Compare to the competitors' shelf life is just up to 6 months (Perpetual, Cannon, & McCarthy, 2011). "Positioning refers to how customers think about proposed or present brands in a market" (chapter 4). It also refers to a company's purposeful manipulation of the consumer's image of them. With Communion the Go, the product will provide high quality wine with a choice of red or white. Products and services are positioned to meet the needs of different nonusers, with the most successful offering multiple products that are positioned differently.
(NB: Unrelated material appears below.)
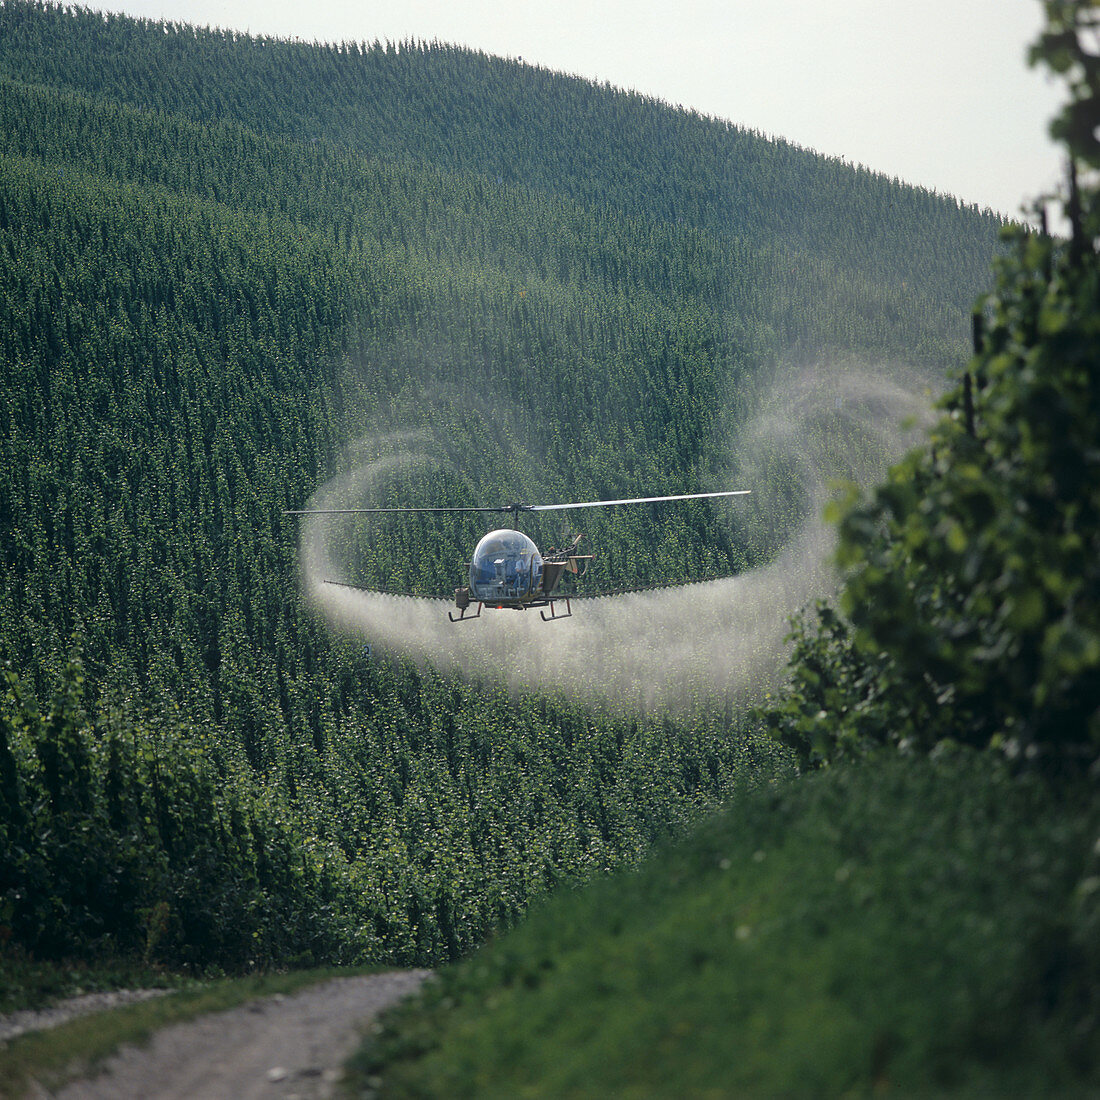 Helicopter Spraying Grapevines

Celebrate the Life Cups will position in upscale side, premium taste that everyone will love the taste. Marketing managers who administer prices must consciously set a price-level policy. As they enter the market, they have to set introductory prices that may nave long-run detects They must consider where the product life cycle is and how fast it is moving. And they must decide if their prices should be above, below, or somewhere in between relative to the market (Perpetual, Cannon, & McCarthy, 2011). Setting the right price is one of the marketer's most difficult tasks.
A host of factors come into play. But finding and implementing the right price strategy is critical to success. The price the company charges will fall somewhere between one that is too high to produce any demand and one that is too low to product a profit. Like everything else in marketing, good pricing starts with customers and their perceptions of value. There are many pricing strategies that a marketing manager can use, they are three major pricing strategies are: customer alee-based pricing, cost-based pricing and competition-based pricing (Armstrong, & Kettle, 2011).
For customer value-based pricing, the customer will decide whether a product's price is right. Customer value-based pricing uses buyer's perceptions of value, not the seller's cost, as the key to pricing. For cost-based pricing, customer- value perceptions set the price ceiling; costs set the floor for the price that the company can charge. It involves setting prices based on the costs for producing, distributing, and selling the product plus a fair rate of return for its effort and risk. A company's costs may be an important element in its pricing strategy.